Red Regions from Dr. Chetty's report.

Understandably, inequity stirs up anger and frustration. But, it is this fire that inspires youth activists and captivates philanthropists and policymakers alike.

“Young people are right to be angry about the conditions of their communities. Youth organizing groups help them understand the root causes of the problems and process their emotions.”
Eric Braxton
Executive Director — The Funders’ Collaborative on Youth Organizing

This rage was emboldened and channeled into an overwhelming feeling of optimism when Policy Link aired “This is Our Moment,” featuring a poem by Mayra del Valle. When del Valle treated us to a live performance of “This is Our Moment,” it was met with a standing ovation. Her small frame and colossal message served as a rallying cry for the audience, demanding that we all bring our full selves to the task of creating equity by deepening our skillset, meaningfully networking and building unbreakable ties of solidarity. As a drummer and performer with an all-women’s Caribbean folk drum troupe, Legacy Women, I was heartened to see how social justice requires that we address culturally relevant ways of interacting with each other and of giving voice to our concerns and dreams.

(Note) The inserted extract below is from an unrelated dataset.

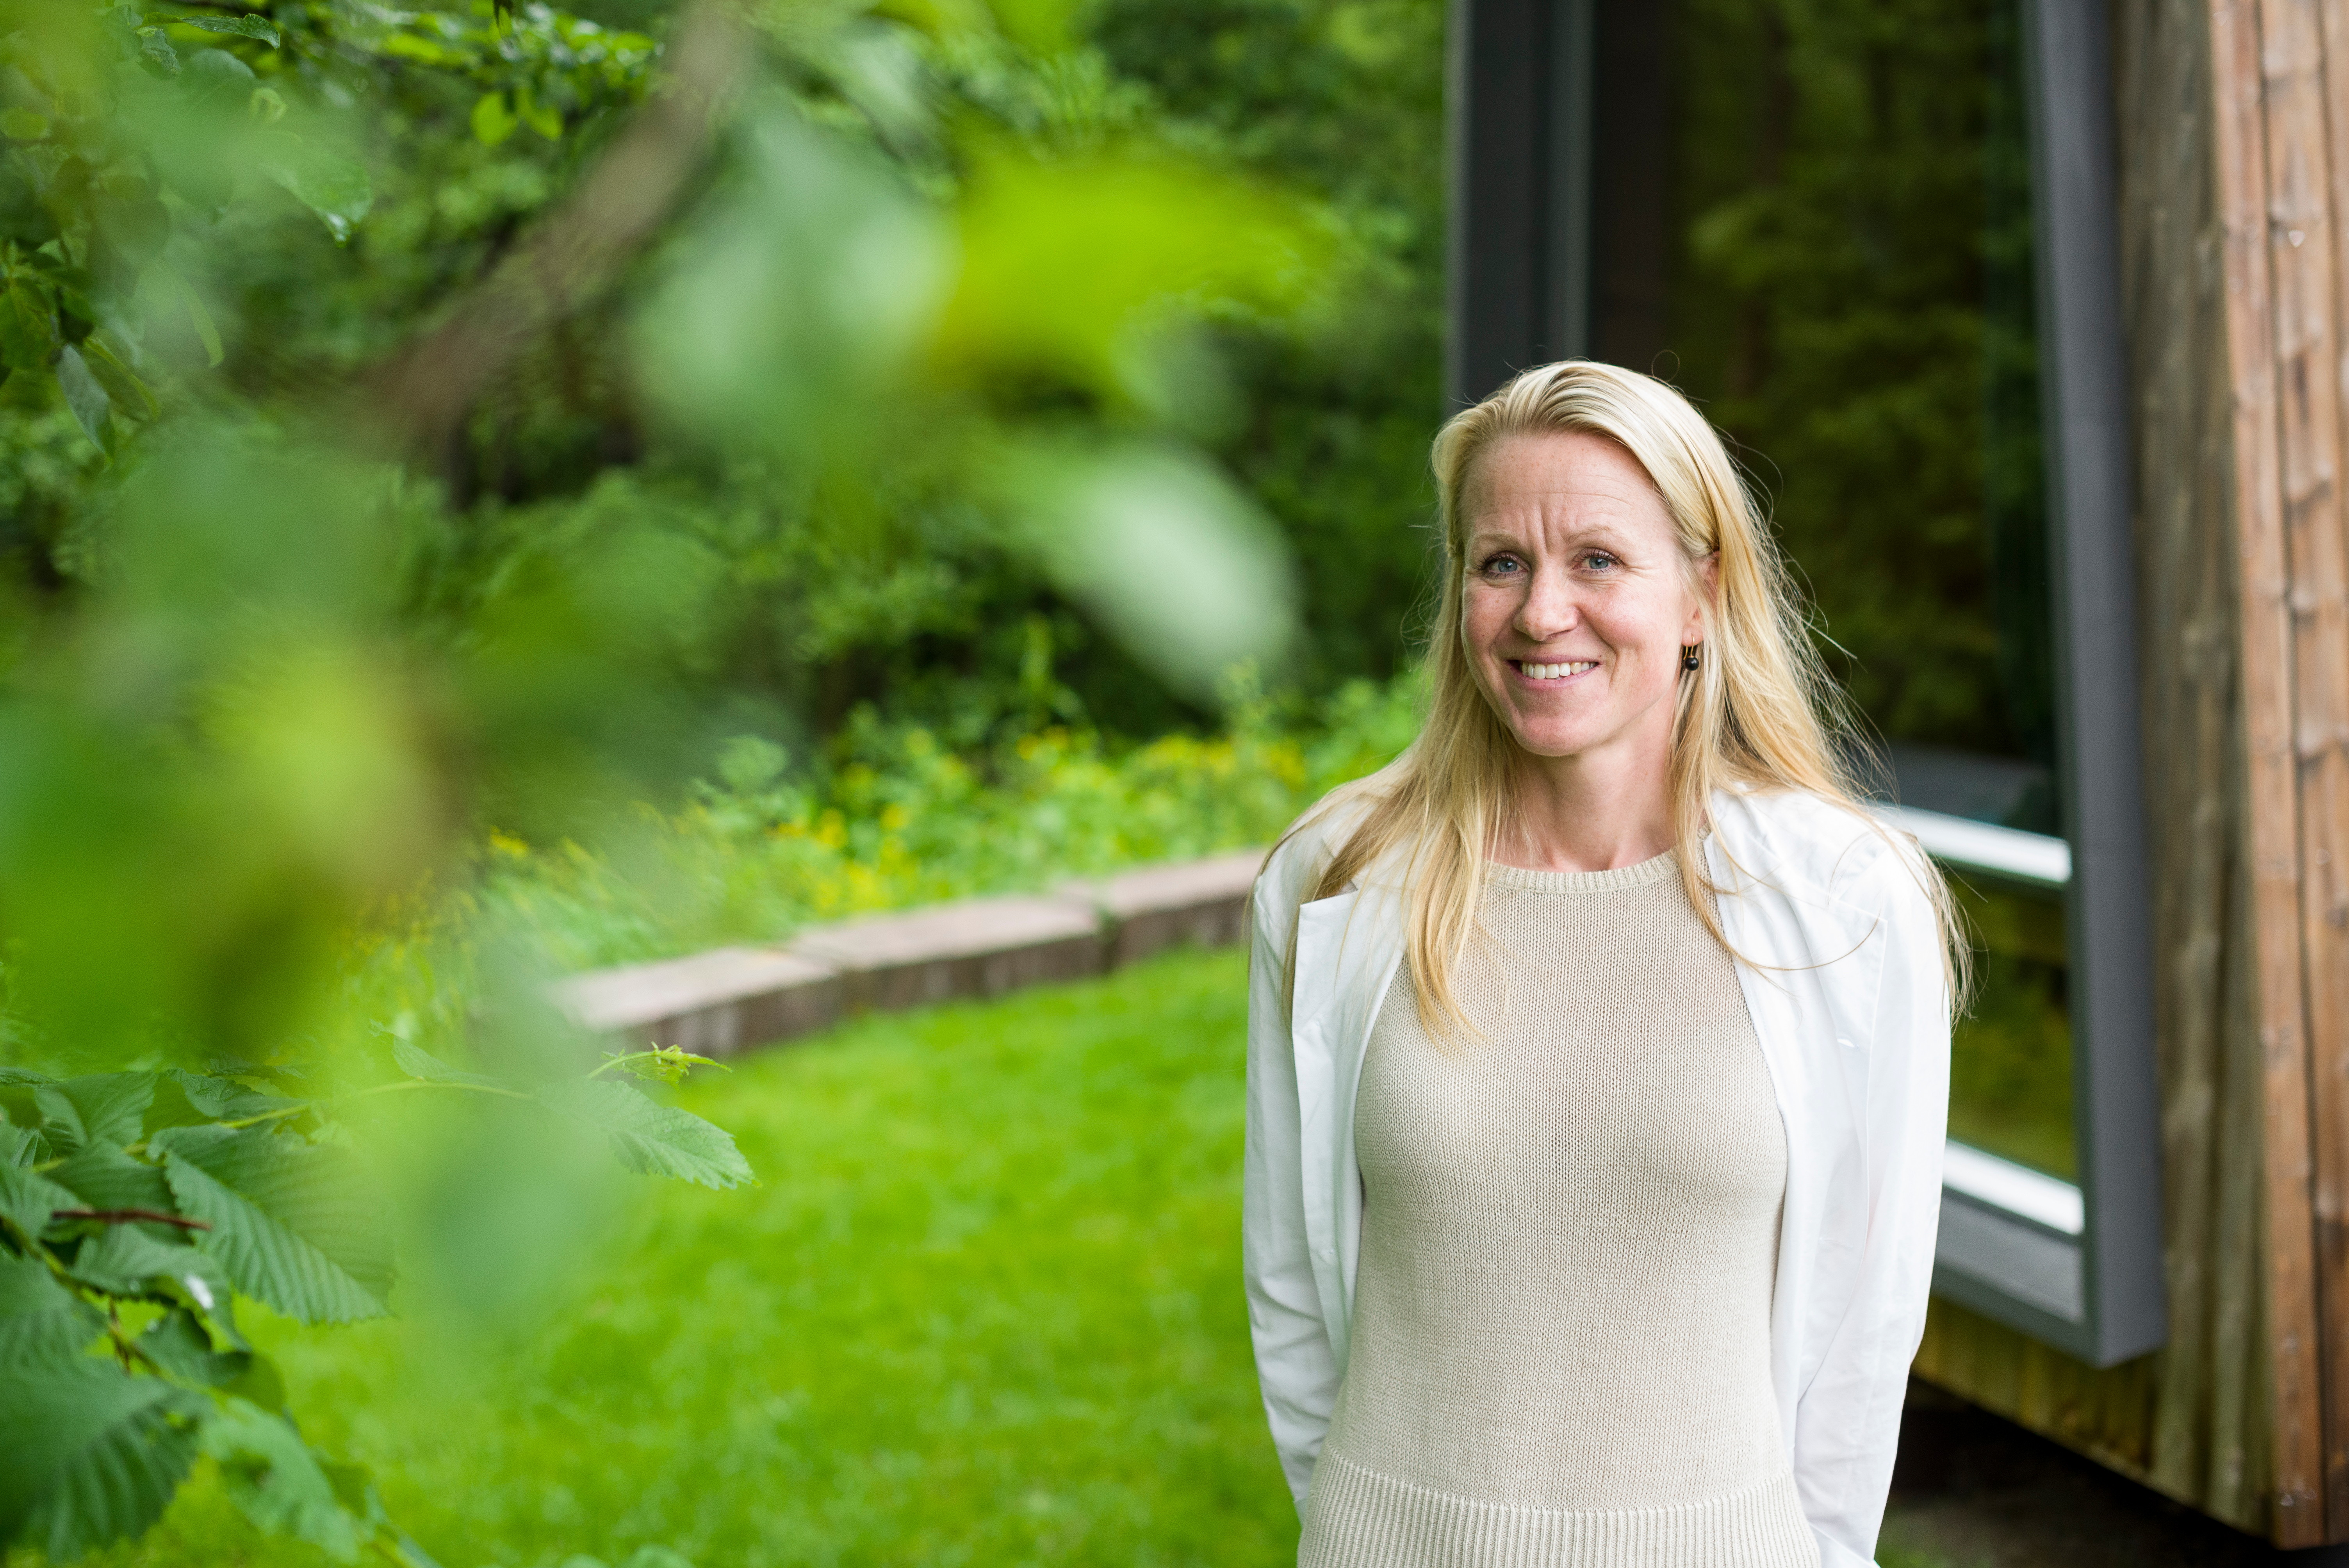 Barnepsykolog Maren Lindheim er en av initiativtakerne til Friluftssykehuset, som donerer arkitekttegnede hytter til sykehus i Norge.

It is through this interplay of poetry and dance performances, research, data sharing and candid conversations that we recognize each other’s humanity and learn to take care of it in holistic and dynamic ways. AFF recognizes that in order to best serve young people, we must be mindful of their lived experiences—taking into consideration the societal, personal, psychological, and material realities that impact their life—and engage in multi-sensory strategies that ignite movements.

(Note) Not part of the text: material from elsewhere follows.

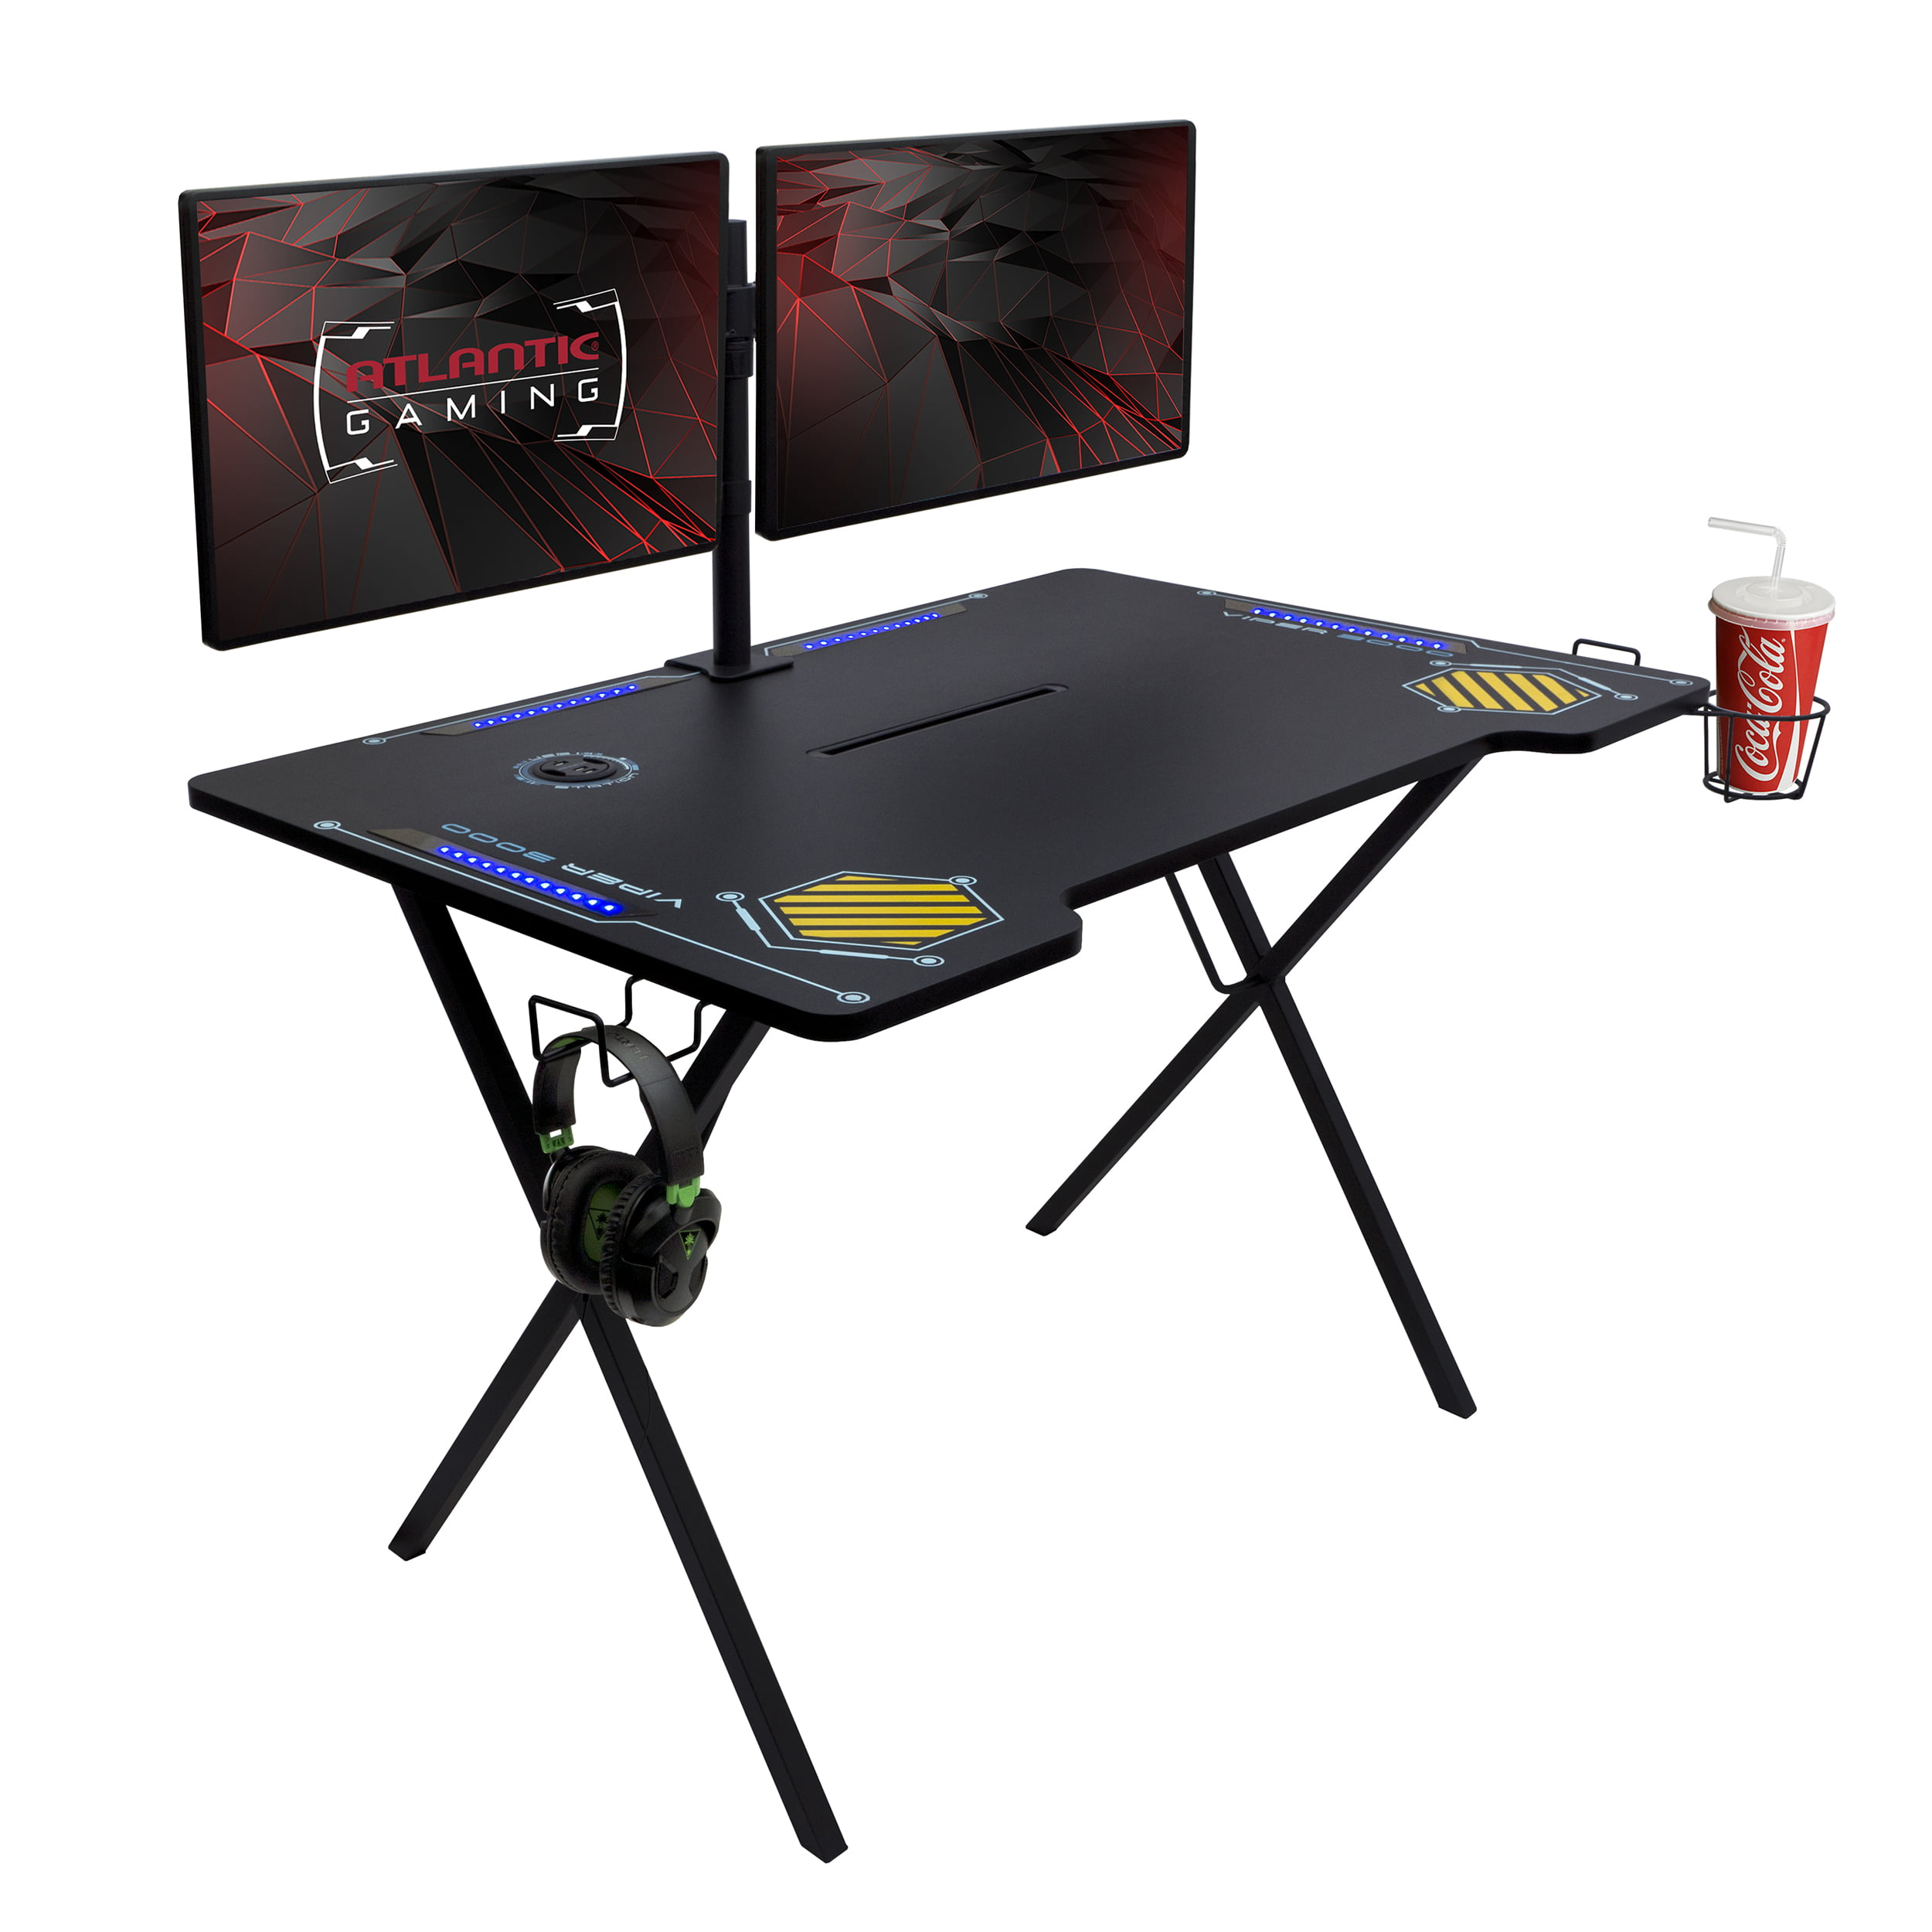 Atlantic Viper 3000 Gaming Desk with LED Lights - Walmart.com $75

“Due to the inclusive nature of youth organizing groups, there are so many ways youth can contribute—regardless of their skills, talents and interests.”
Eric Braxton
Executive Director — The Funders’ Collaborative on Youth Organizing

#2 Youth are leading us powerfully and building intergenerationality.

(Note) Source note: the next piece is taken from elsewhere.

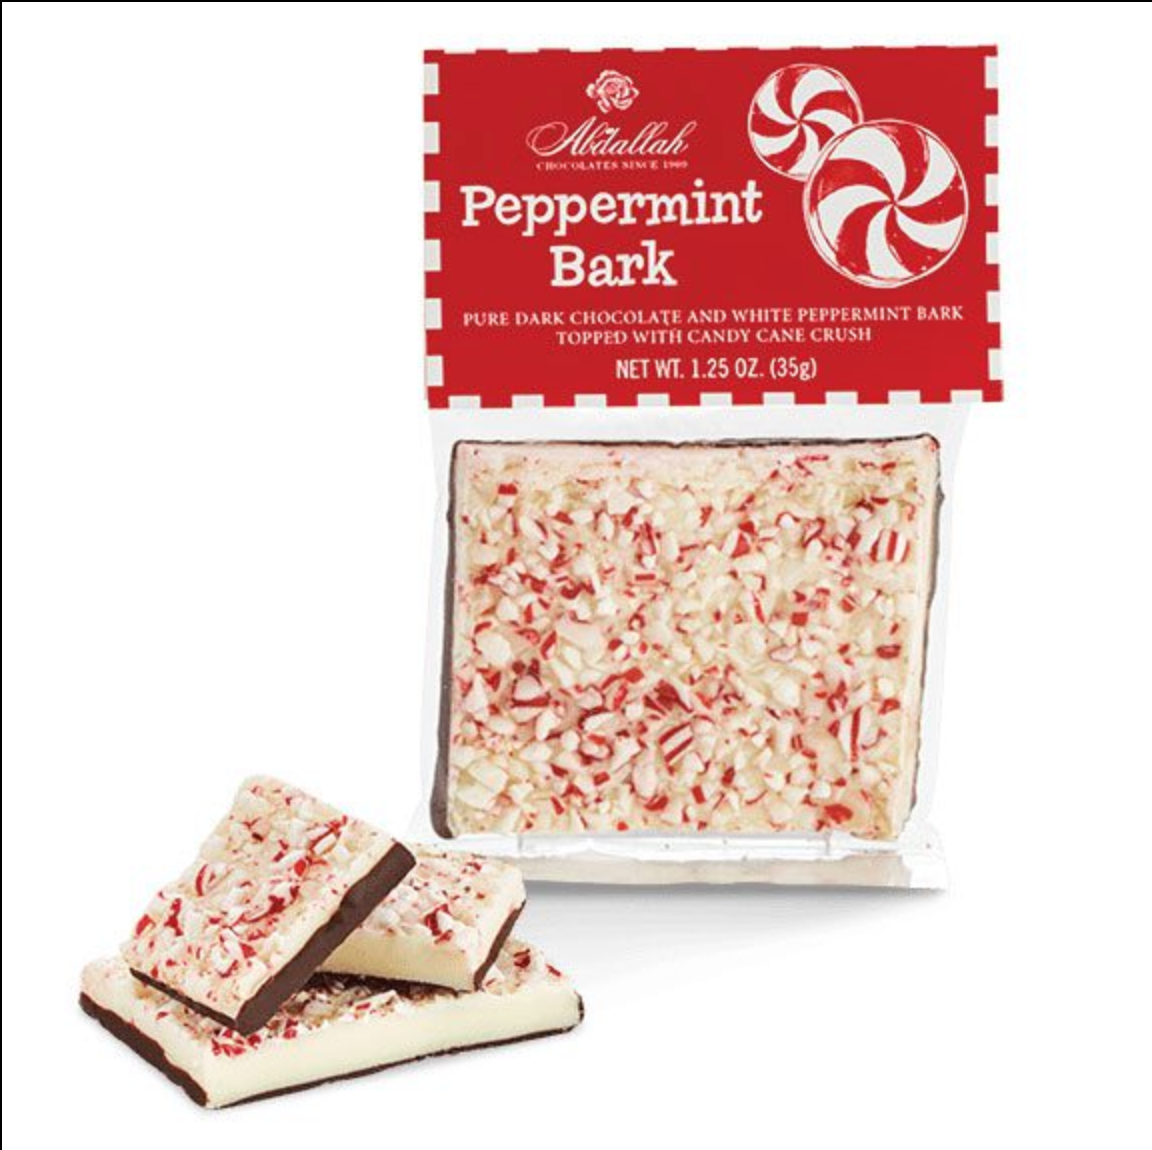 Peppermint Bark

“This moment is not new. We’re not the first generation to fight back against racial injustice. Movements are generations-long.”
Rachel Gilmer
Chief of Strategy — Dream Defenders

Youth organizers from the Movement for Black Lives Matter, The Justice League, B.O.L.D.: Black Organizing for Leadership and Dignity, Thunder Valley Community Development Corporation (who work with Lakota Native American communities), Dream Defenders (AFF’s Florida-based youth organizing grantee partner) and a host of other youth-led movements captivated audiences throughout the summit. AFF actively supports youth organizing because we believe in the power of youth to direct their own lives and create the solutions they need to the obstacles they face. We also believe that youth organizing is an important component of a vibrant democracy. As a former youth organizer for environmental justice within the New York Environmental Justice Alliance and Sustainable South Bronx, I whole-heartedly understand the power of youth organizing and the importance of collaboration with older generations.

“In the Lakota culture we have a philosophy of 7 generations …honoring the 3 generations behind you and the 3 generations in front of you. The work we do is intergenerational. Elders are youth’s biggest advocates.”
Nick Tilsen
Executive Director — Thunder Valley Community Development Corporation

I thought these insights revealed both the hard-earned stripes youth movement leaders possess and their commitment to bringing everyone in the community along. It was refreshing to witness the candid conversations between senior executives, youth organizers and leaders. I also found it refreshing how humor played a role in the dialogues, which shows how youth and elders can conscientiously build a multi-generational framework that requires reckoning with the present and co-creating the future. They defied the myths that youth are not interested in multigenerational movements or that elders are not thinking about passing on the torch.

Thanks for reading! I’ll continue my reflections on my experience at PolicyLink’s Equity Summit 2015 in my next blog post. Stay tuned.

[1] Refer to map of affected areas on page 99 of The Impacts of Neighborhoods on Intergenerational Mobility: Childhood Exposure Effects and County-Level Estimates by Raj Chetty and Nathaniel Hendren.